B.  GEJALA KLINIS DAN DIAGNOSA
1. Gejala Klinis
Hampir semua infeksi Adenovirus tidak menunjukkan gejala klinis yang jelas. Jengger kelihatan pucat, pial dan kulit muka juga pucat, depresi, lemah dan kemungkinan diikuti dengan penyakit lainnya. Gangguan pernafasan sering terjadi pada anak ayam dan pada ayam dewasa kadang terjadi penurunan produksi telur. Hepatitis dapat terjadi pada 4 hari pasca infeksi, sumsum tulang, hati dan beberapa organ lainnya terlihat pucat. Morbiditas lebih rendah daripada mortalitas, hewan yang terinfeksi tidak menunjukkan gejala-gejala yang khas tetapi hanya beberapa jam kemudian mati. Angka kematian (mortalitas) meningkat selama 3-5 hari, bertahan selama beberapa hari kemudian menurun.  Kematian mendadak biasanya terlihat pada ayam berumur kurang dari 6 minggu. Kematian biasanya berkisar antara 2% - 40%, terutama saat ayam berusia kurang dari 3 minggu. Namun, dalam beberapa wabah, angka kematiannya bisa mencapai 80%. Tingkat kematian juga bervariasi tergantung pada patogenisitas virus dan infeksi dengan agen virus atau bakteri lainnya. Bisa muncul tanda yang terkait dengan penyakit yang disebabkan oleh patogen lain (misalnya bakteri, jamur, atau virus) biasanya terjadi jika ayam terkena imunosupresi.
2. Perubahan Patologi
Perubahan patologi-anatomis yang terlihat antara lain : hati membengkak berwarna kuning kecoklatan, terdapat bercak perdarahan, ptechiae dan echymotic dibawah membran dan dalam parenchyma, serta konsistensinya lembek. Ginjal tampak pucat dan bengkak serta perdarahan. Limpa dan bursa Fabrisius mengecil. Otot dada dan kaki terlihat ikhterus dan perdarahan. Usus dan alat visceral juga terlihat kemerahan.

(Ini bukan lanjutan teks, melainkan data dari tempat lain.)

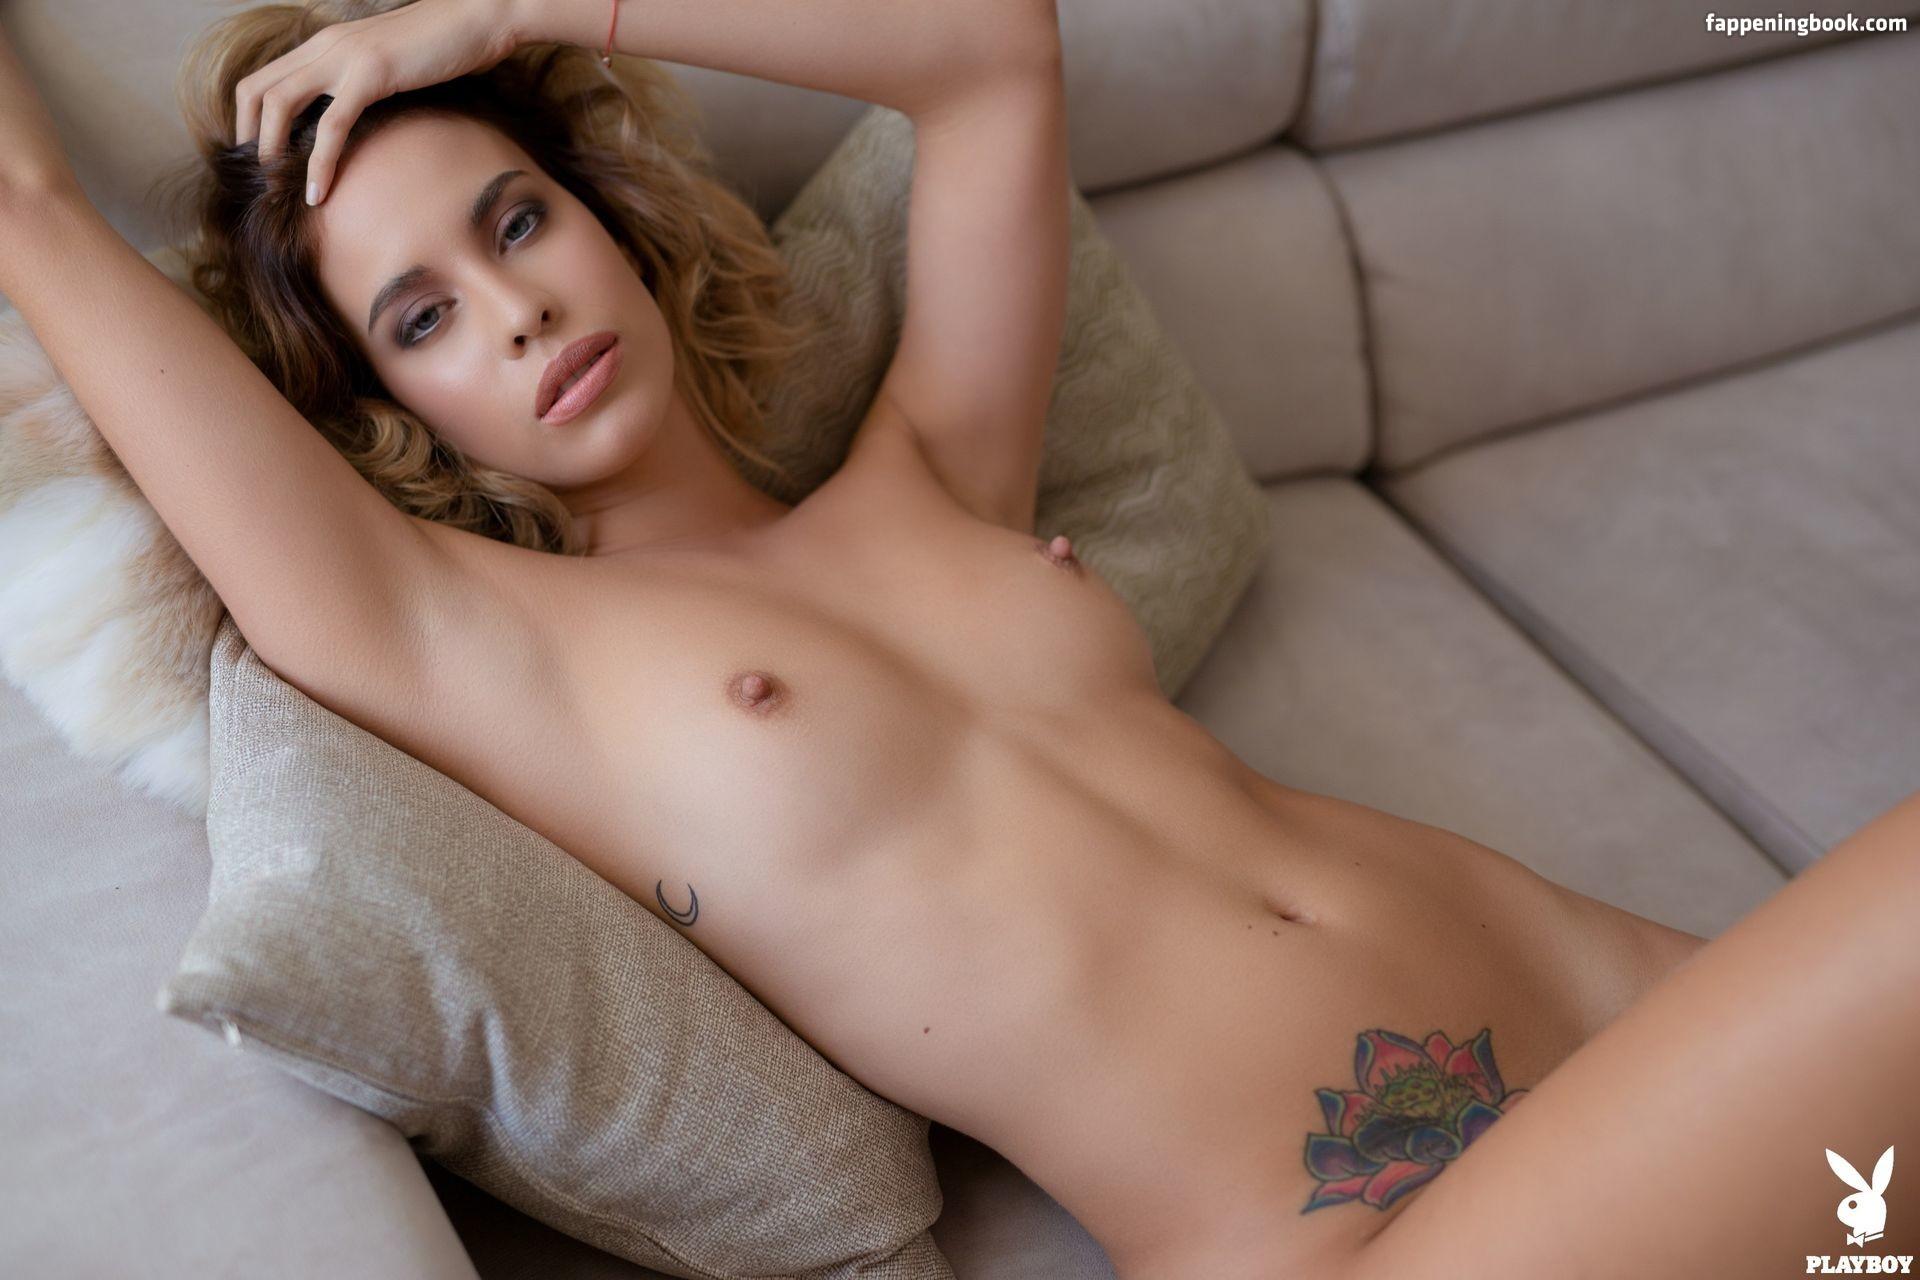 Allison Dean Nude toni maria nude, sexy, the fappening, uncensored - photo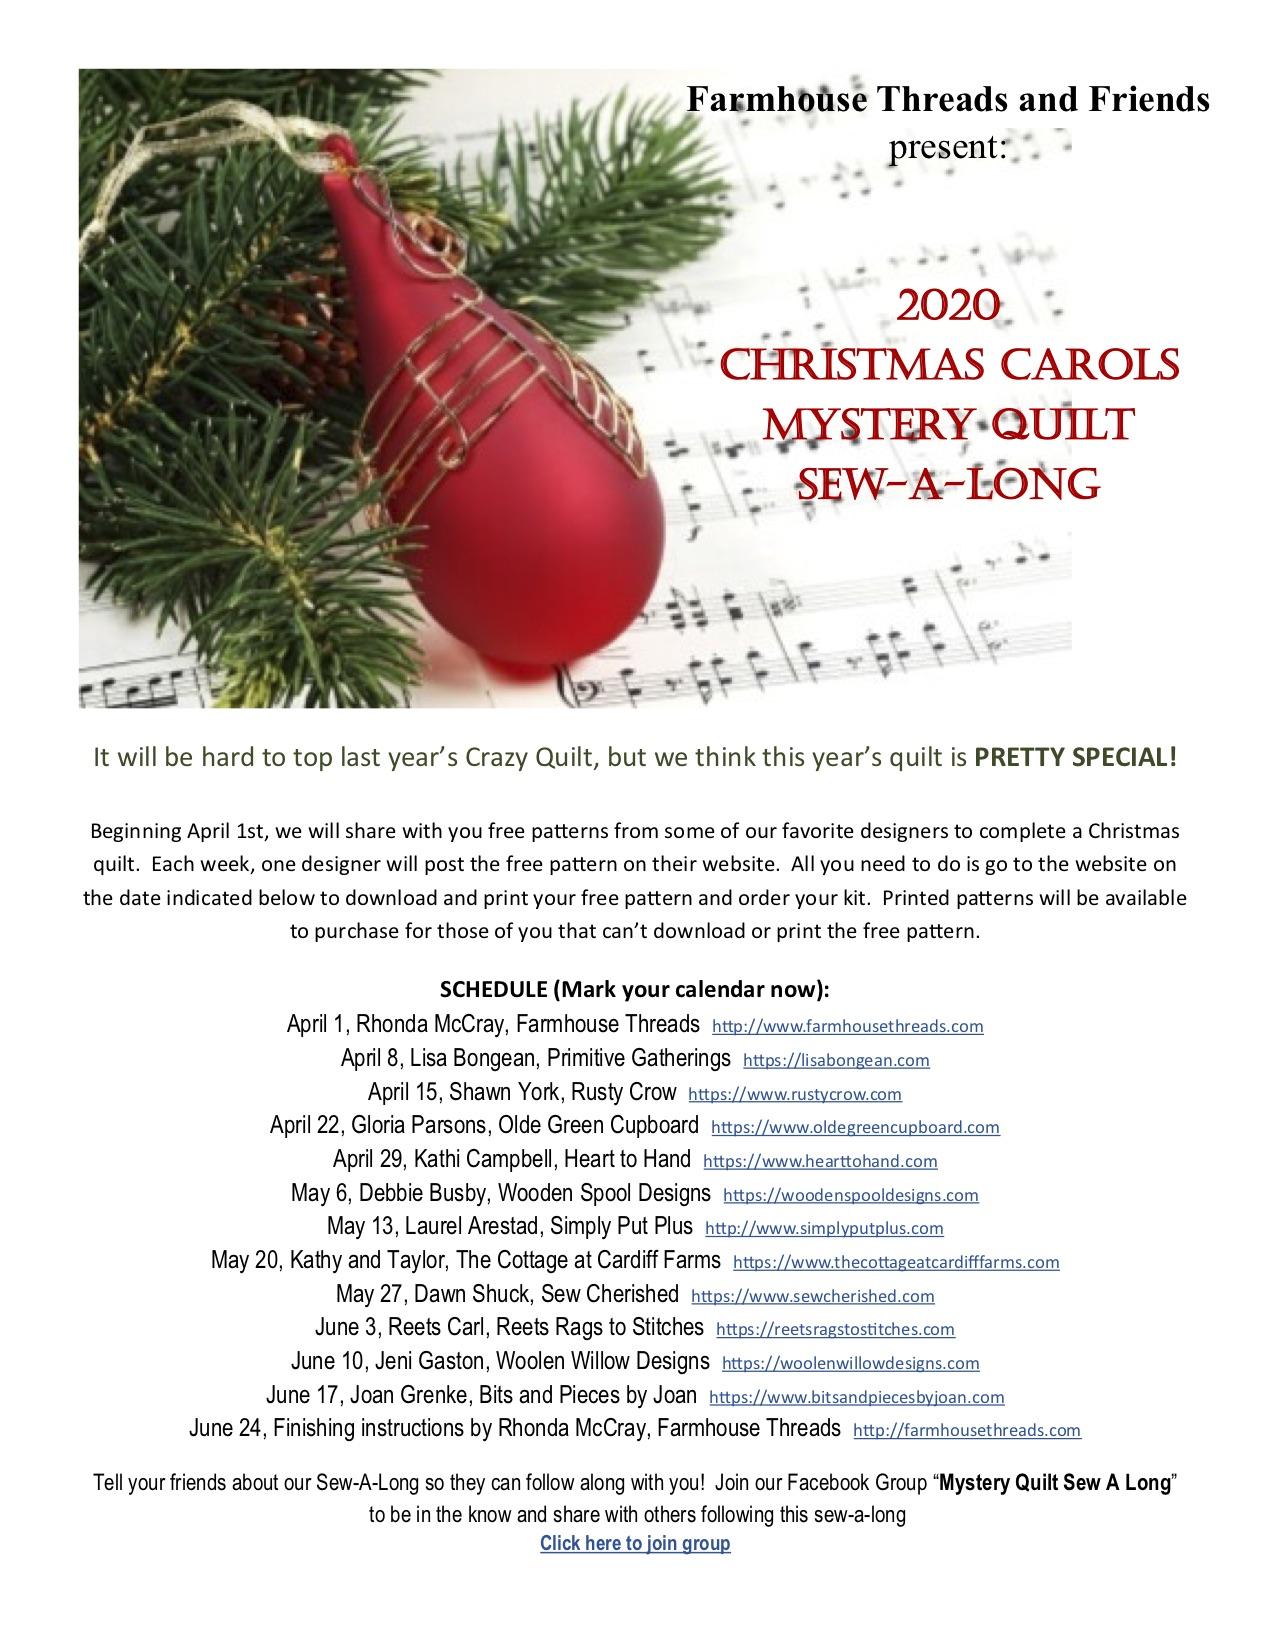 2020 Christmas Carols 2020 Christmas Carols Mystery Quilt Sew Along | Lisa Bongean

Beberapa ayam terlihat adanya aplasia dari sumsum tulang dan terjadi anemia.  Hasil studi Morad R dan Zahra MSH (2015) semua kasus Inclusion Body Hepatitis (IBH) menunjukkan perubahan patologi-anatomis hati membesar, berwarna kuning, pucat dan lunak disertai beberapa perdarahan ptechiae.  Pada kantung perikardial jantung terdapat transudat berwarna kekuning-kuningan.  Pada pemeriksaan histopatologis, edema miokard di jantung ditemukan degenerasi, nekrosis, dan infiltrasi sel mononuklear ringan.  Di hati ditemukan Inclusion Body intranuklear basofilik.
3. Diagnosa
Isolasi dilakukan dengan menggunakan biakan sel chicken embryo fibroblast (CEF), atau telur ayam berembrio umur 5-7 hari yang disuntikkan lewat kuning telur. Identifikasi dapat dilakukan dengan fluerescent antibody technique (FAT) baik langsung maupun tidak langsung atau secara serologi dengan metode virus neutralisation test (VNT), agar gel presipitation test (AGPT), atau enzyme linked immunosobent assay (ELISA). Pemeriksaan histopatologi dapat dilakukan dengan pemeriksaan mikroskopik terhadap adanya peningkatan degenerasi dan nekrosis pada hati dan intra nuklear inclusion bodi dalam sel parenkim.  Untuk mengklasifikasikan AAV yang diisolasi dari kasus klinis digunakan uji serologi, analisis enzim restriksi, dan Polymerase Chain Reaction (PCR).  Analisis filogenetik urutan gen hekson parsial merupakan metode yang tepat dan cepat untuk diferensiasi dan genotip AAV (Morad R. dan Zahra MSH., 2015).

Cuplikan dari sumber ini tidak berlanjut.